Has the hydrologic cycle decelerated during the past half century? Professor
Wilfried Brutsaert. School of Civil & Environmental Engineering. Cornell
University.
Has the hydrologic cycle decelerated during the past half century? Professor Wilfried Brutsaert School of Civil & Environmental Engineering Cornell University The water budget of a natural river basin is usually formulated as P − Q − E = dS / dt where P is the precipitation rate, Q the outflow rate per unit area, E the evaporation rate and S the water stored per unit area in the basin. The variables P and Q can be and have been measured directly and many long-term data sets are available for basins all over the world, with which their evolution over time can be studied in great detail. The construction of reliable long term data sets for E and S for climate change purposes is more challenging; indeed, the direct measurement of these variables is still difficult, so that in practice to gain information on past trends they must invariably be estimated by indirect methods.

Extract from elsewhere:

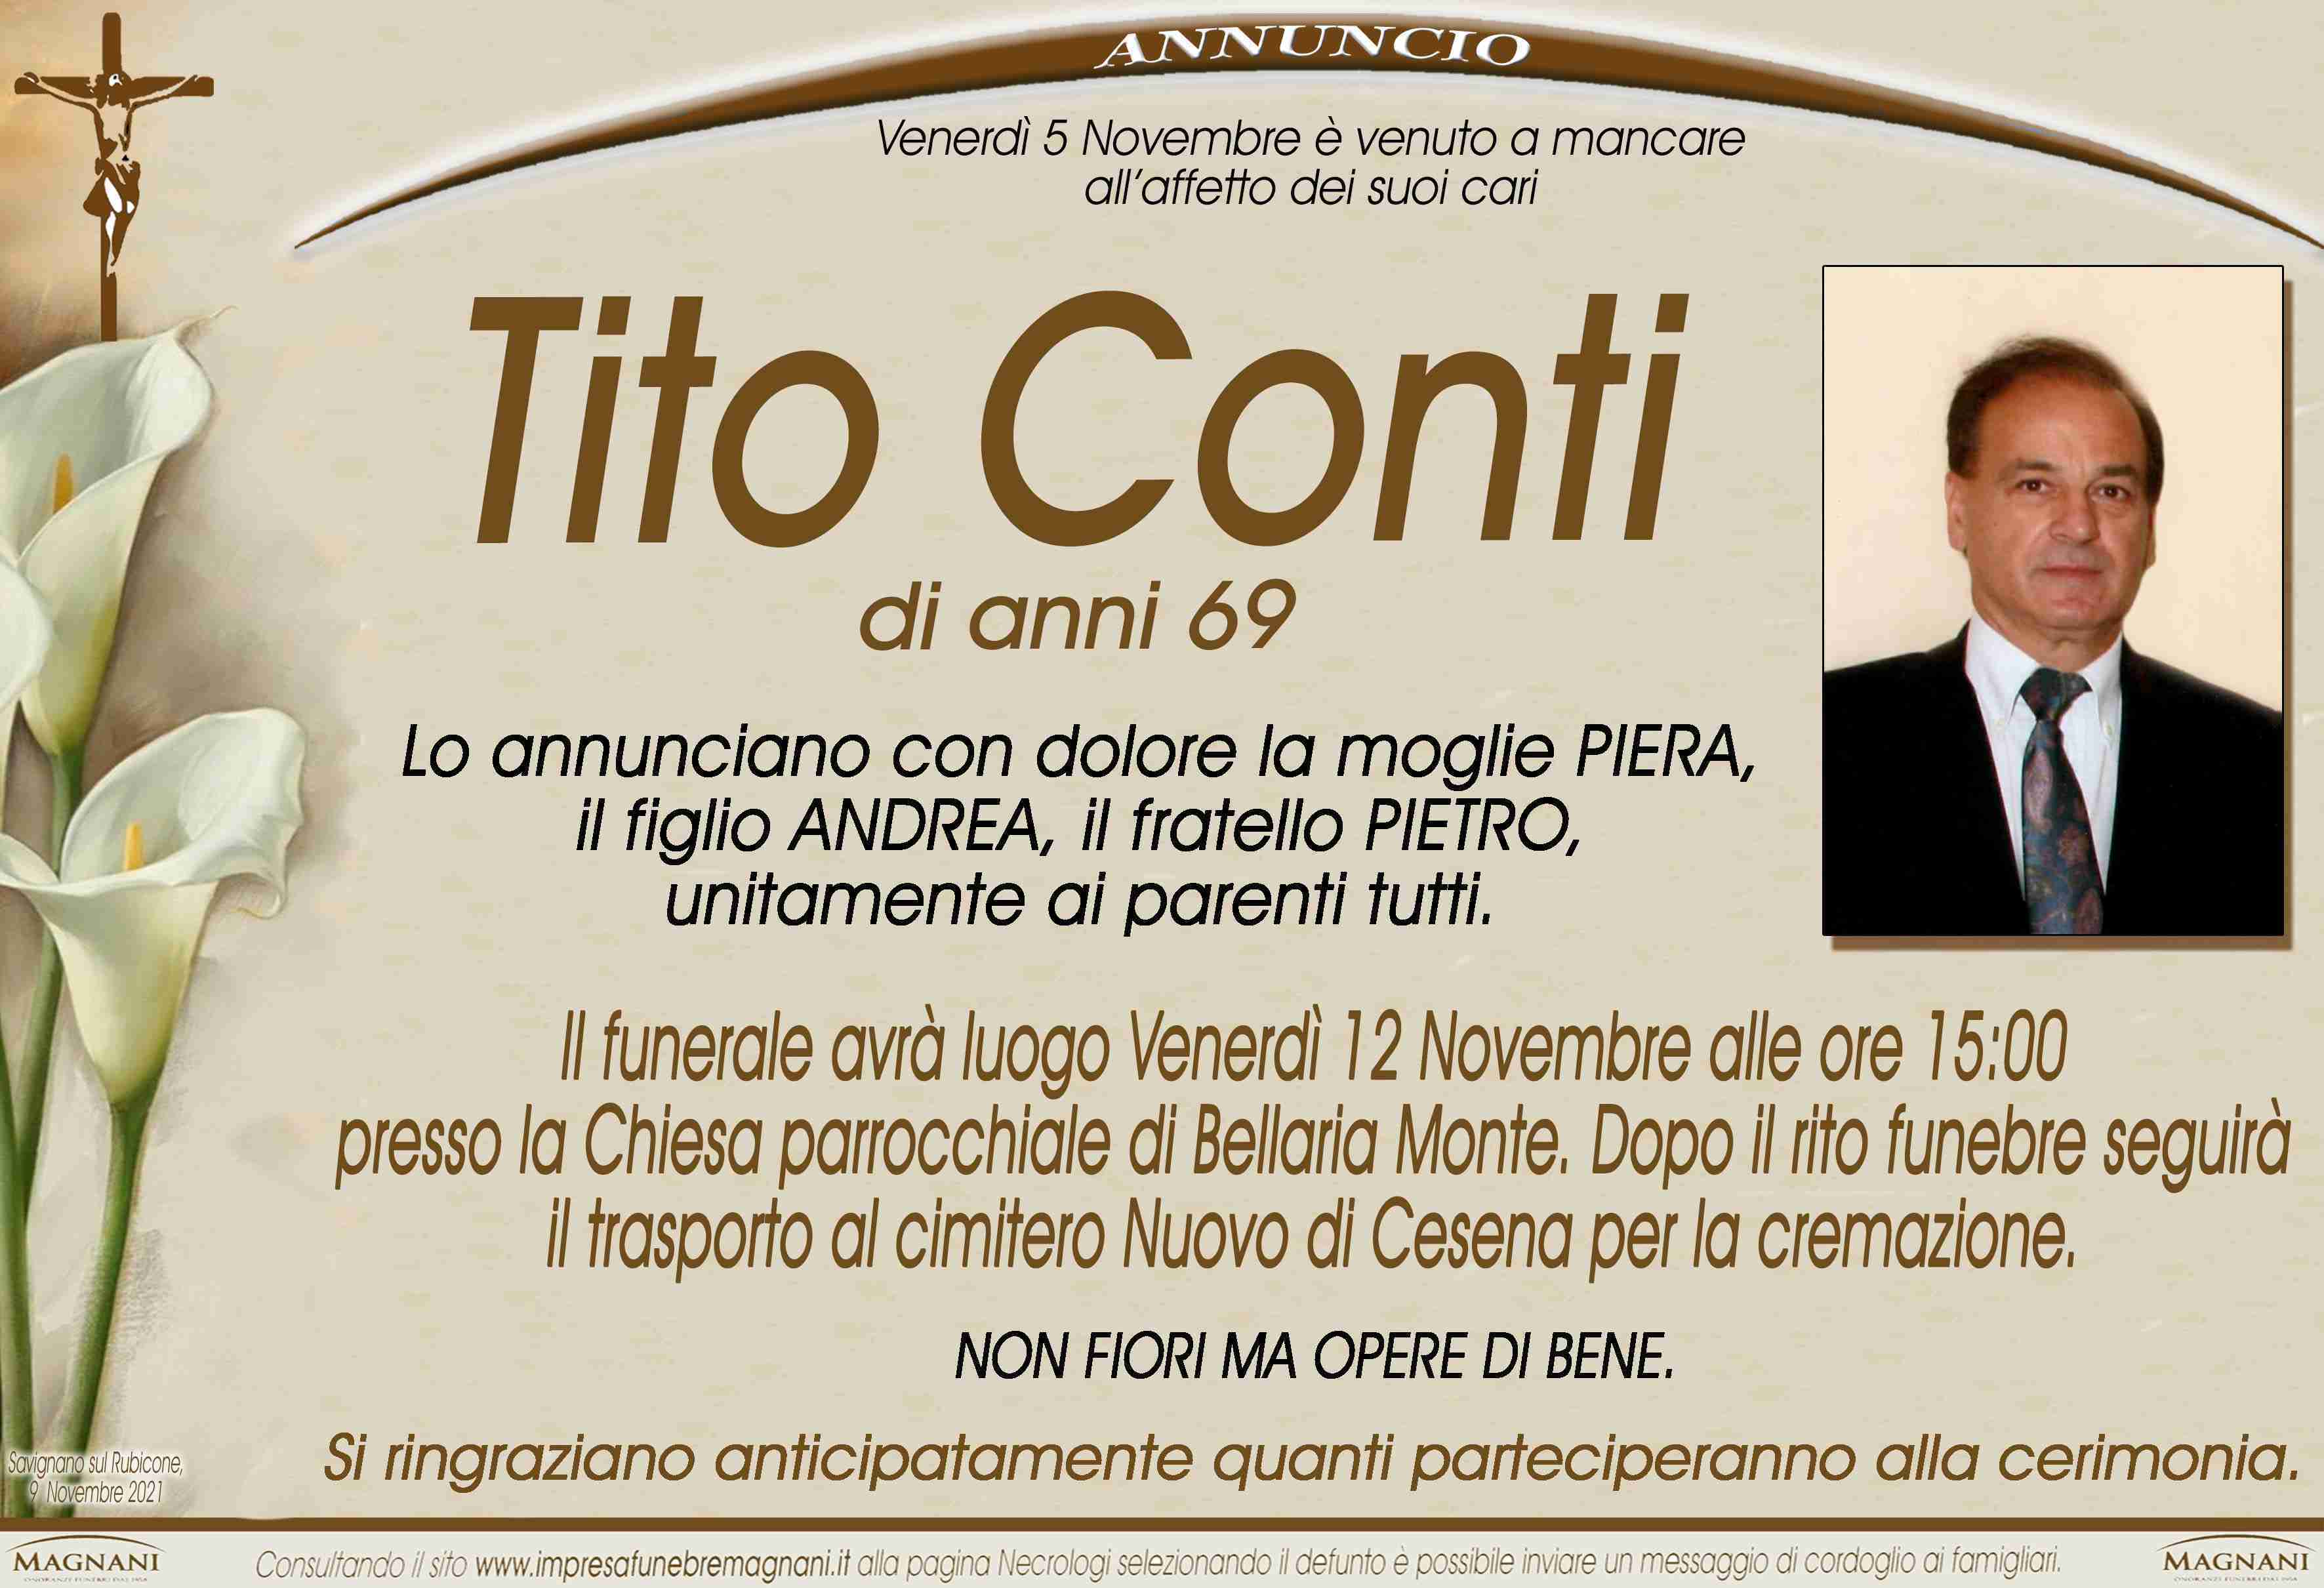 Tito Conti

In the case of E, attempts have been made to estimate past trends of landscape evaporation from available pan evaporation records. Pan evaporation has been decreasing for the past half century or so over many regions of the Earth. However, because pan and landscape evaporation are intrinsically different, the significance of this negative trend, as regards terrestrial evaporation, has been controversial, and its implications for the global water cycle have remained unclear. The controversy stemmed from the alternative views that these evaporative changes resulted, either from global radiative dimming, or from the complementary relationship between pan and terrestrial evaporation. It stands to reason that these factors need not be mutually exclusive but can act concurrently. Nevertheless, if the presently available data records are taken at face value, despite global dimming, the observed decreases in pan evaporation are generally evidence of increased terrestrial evaporation. This is consistent with independent hydrologic budget calculations for several large river basins, and likely further evidence of an accelerating hydrologic cycle in many areas, where pan evaporation has been decreasing.